There are plenty of safe and effective drugs that can be immensely helpful for you during drug detox, and when administered correctly, none of them will trigger addictive patterns or foster a dependency. 

If you’ve ever been without drugs for a prolonged period of time, you’re familiar with withdrawal symptoms. You know that they can be so severe that it deters you from completing the detox process, whether you want to or not. 

Withdrawal is unpleasant, but medically managed detox with the right medications makes the process significantly easier.

The Process of Detoxing from Drugs

Most people don’t realize that the symptoms and side effects of withdrawal are a good thing. They feel so unpleasant to deal with — how can they possibly be good for you? 

When you were on drugs, you didn’t realize that you actually felt unpleasant. The drugs blocked your brain from ever registering those feelings. 

You didn’t know that all of the neurotransmitters in your brain were heavily impacted by drugs, unable to perform their necessary functions. The “high” feeling, loss of coordination, slurred speech, and profound sense of relaxation you felt were a result of your brain being so impared that your body couldn’t function properly.

When you remove the drugs from your system, your brain is happy. It wants to fix you right away. It rapidly attempts to rebalance your chemicals and eliminate toxic byproducts from your body, and the result of this process is what causes the withdrawal symptoms. Withdrawal is a complicated and transformative form of healing. 

Your body rapidly attempts to flush your system, leading to nausea, vomiting, fevers, diarrhea, and cold sweats. While it’s trying to purge things it knows shouldn’t be there, it’s also trying to replenish the things it knows it needs.

Chronic drug use has prevented your body from producing adrenaline, the same chemical that rushes when you’re on a rollercoaster or watching a scary movie. It heightens all of your senses, makes your heart beat faster, raises your blood pressure, and changes your respiration. When surges of adrenaline seemingly come out of nowhere, you might feel anxious, irritable or prone to mood swings. 

Although withdrawal symptoms are a sign that your body is successfully rebounding from the trauma you’ve subjected it to, the process will still be physically and emotionally taxing. Some medications can help to ease or mitigate the severity of these symptoms, making it easier to fully commit to one of the hardest parts of recovery. 

Many of these medications are best used in an inpatient treatment environment.

1. Methadone

Methadone is a drug used to treat or prevent withdrawal in opioid addicts.

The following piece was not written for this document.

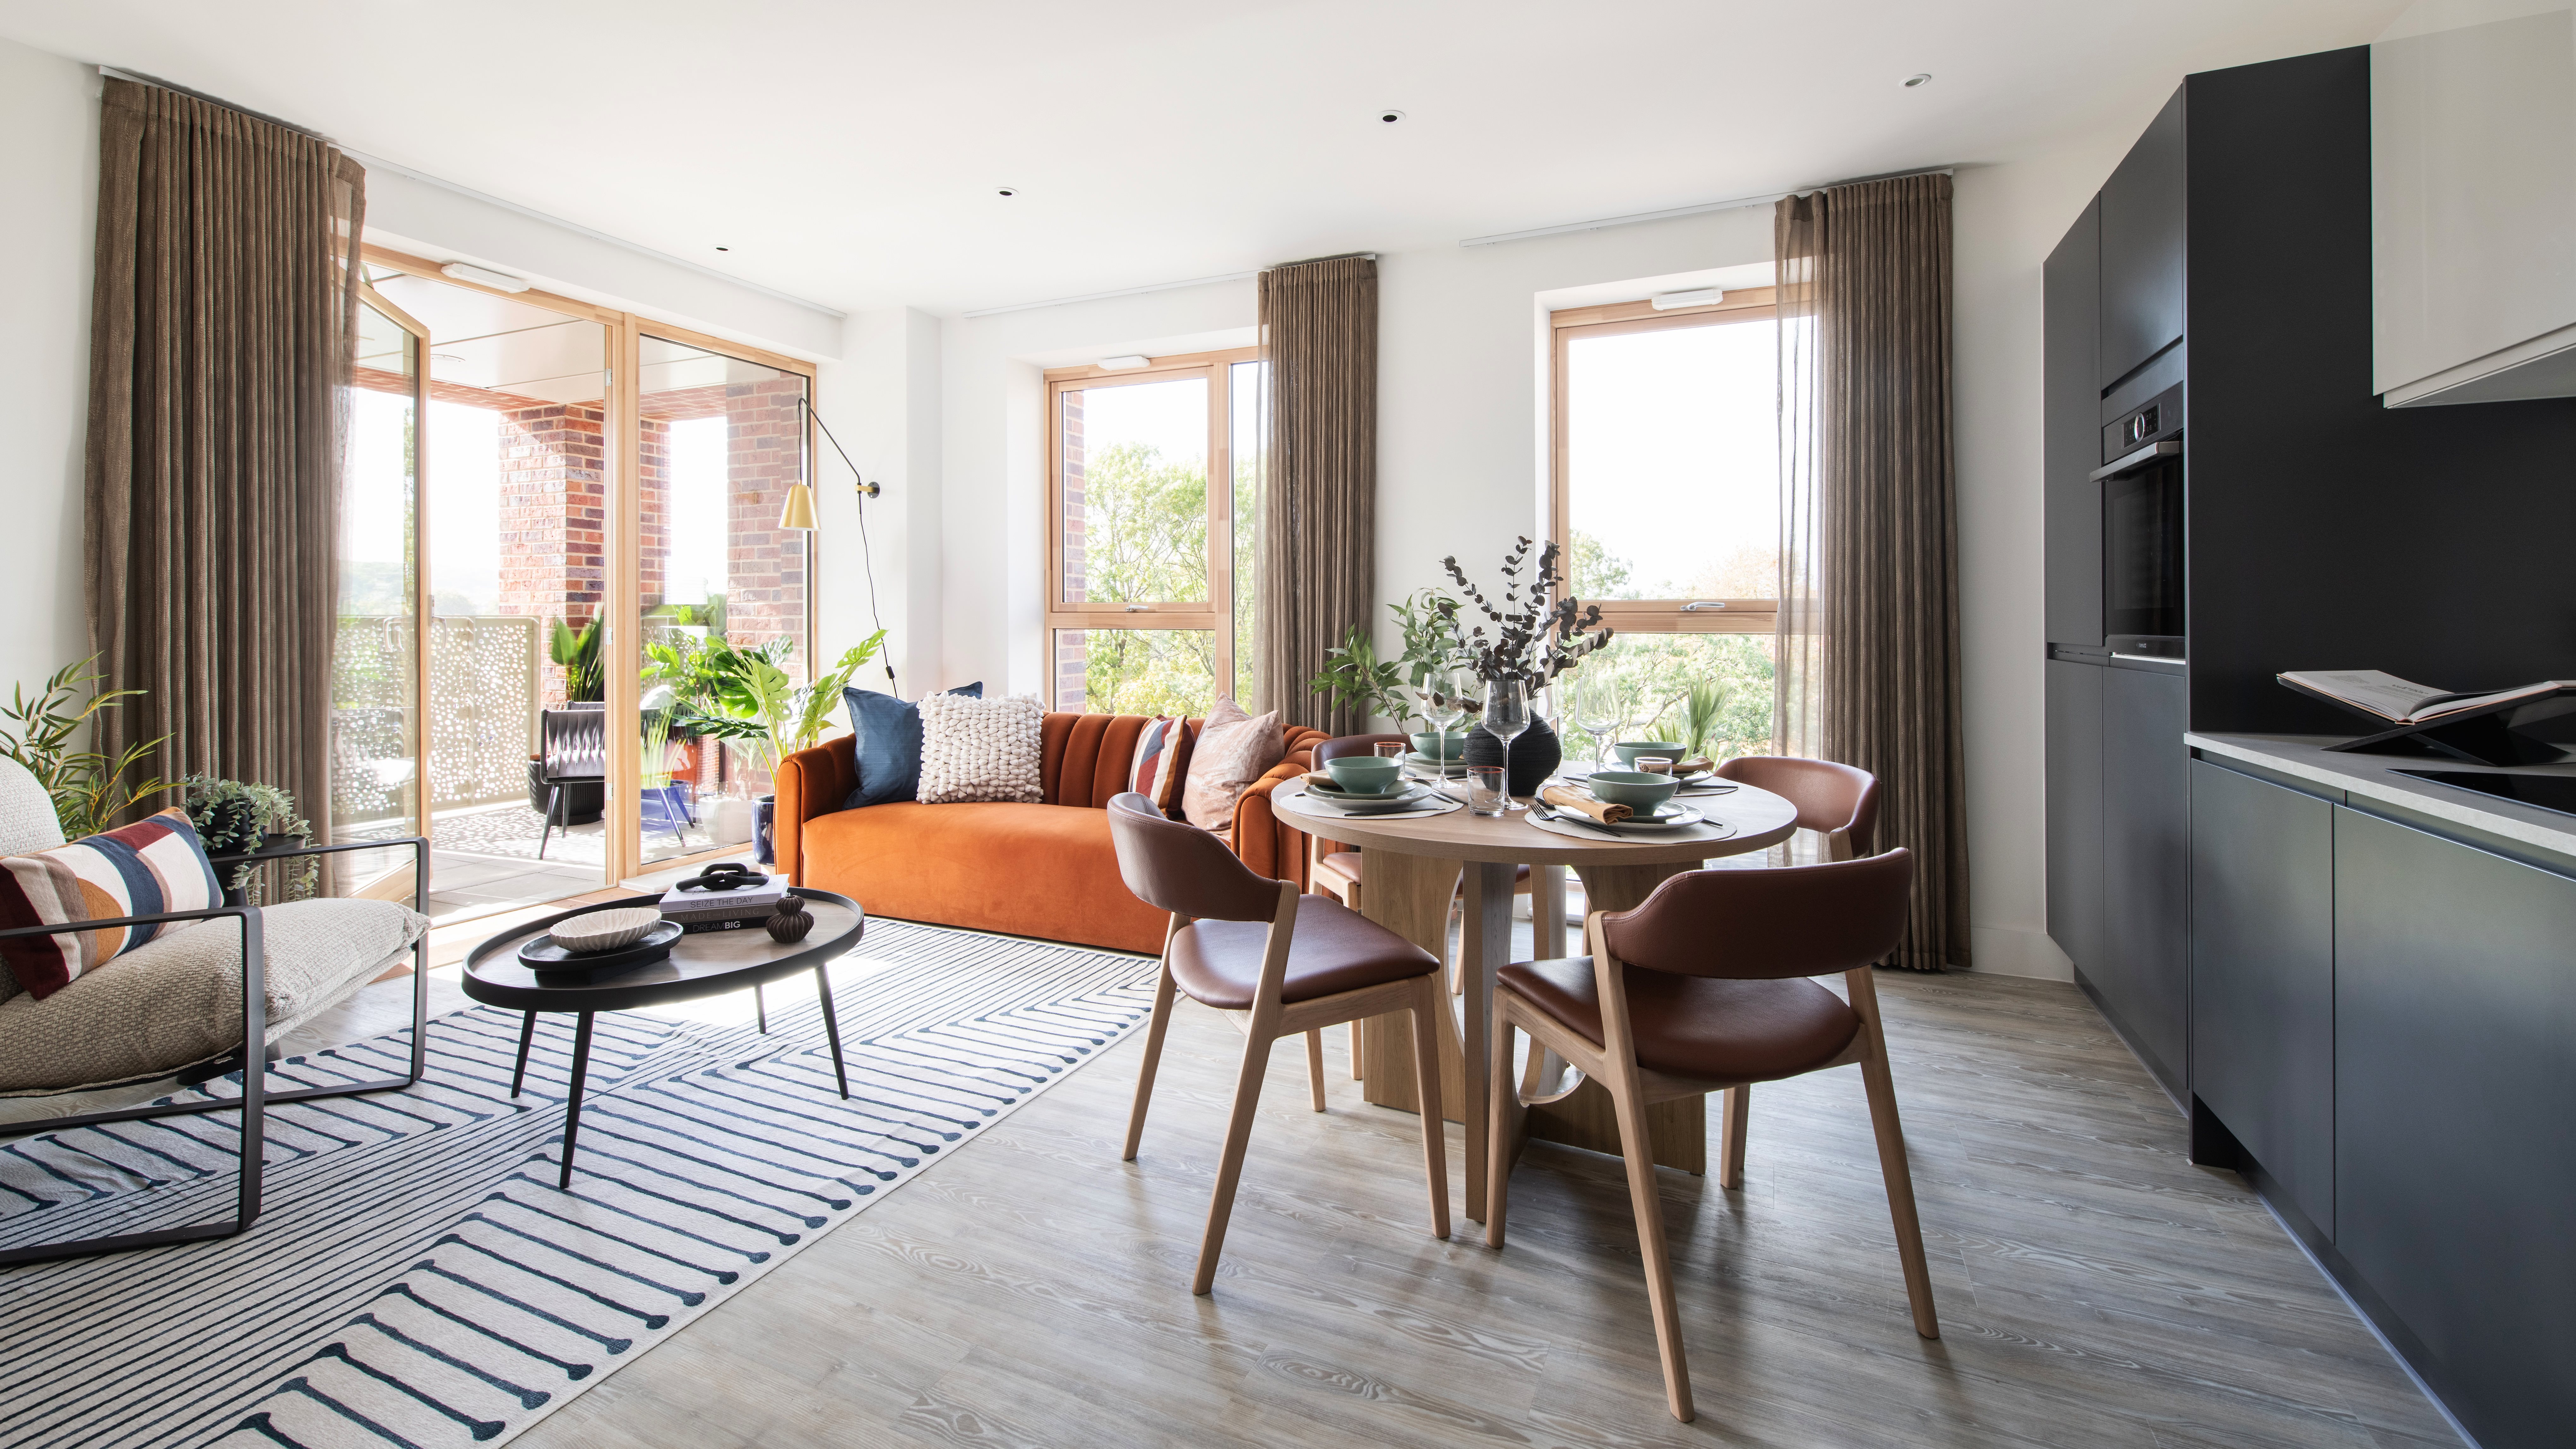 Homes at Southmere are designed with modern fittings and integrated appliances throughout

Methadone is an opioid, but it’s ability to induce the kind of high that most addicts seek is only possible with larger doses of the drug. Otherwise, it works on the brain exactly the same way that any other opioid might. It binds to the same receptors and dampens them the same way.

Controlled doses of methadone can be used to slow withdrawal symptoms by preventing them altogether. 

When you’re using an opioid, you aren’t withdrawing from an opioid. A medical professional will provide you with a minimal dose of methadone – just enough to keep withdrawal symptoms at bay. Over time, the dosage of methadone will be incrementally decreased until the methadone can be completely stopped. 

At the end of managed methadone care, the withdrawal symptoms will be so minimal that they won’t have an overwhelming impact on the patient. They may feel flu-like for a couple days, but they’ll begin to get the sense that they’re getting better, rather than the sense that they’ll never feel right again.

Methadone is especially helpful when treating opioid addicts who have severely increased tolerance and may experience high-risk withdrawal symptoms. Withdrawal hits these patients the hardest, and methadone can be used to help patients wean down enough to make the final blow a little less intimidating. 

Methadone is not intended to be used forever. You’ll work with your care provider to develop a plan that should always end in your cessation of the drug. 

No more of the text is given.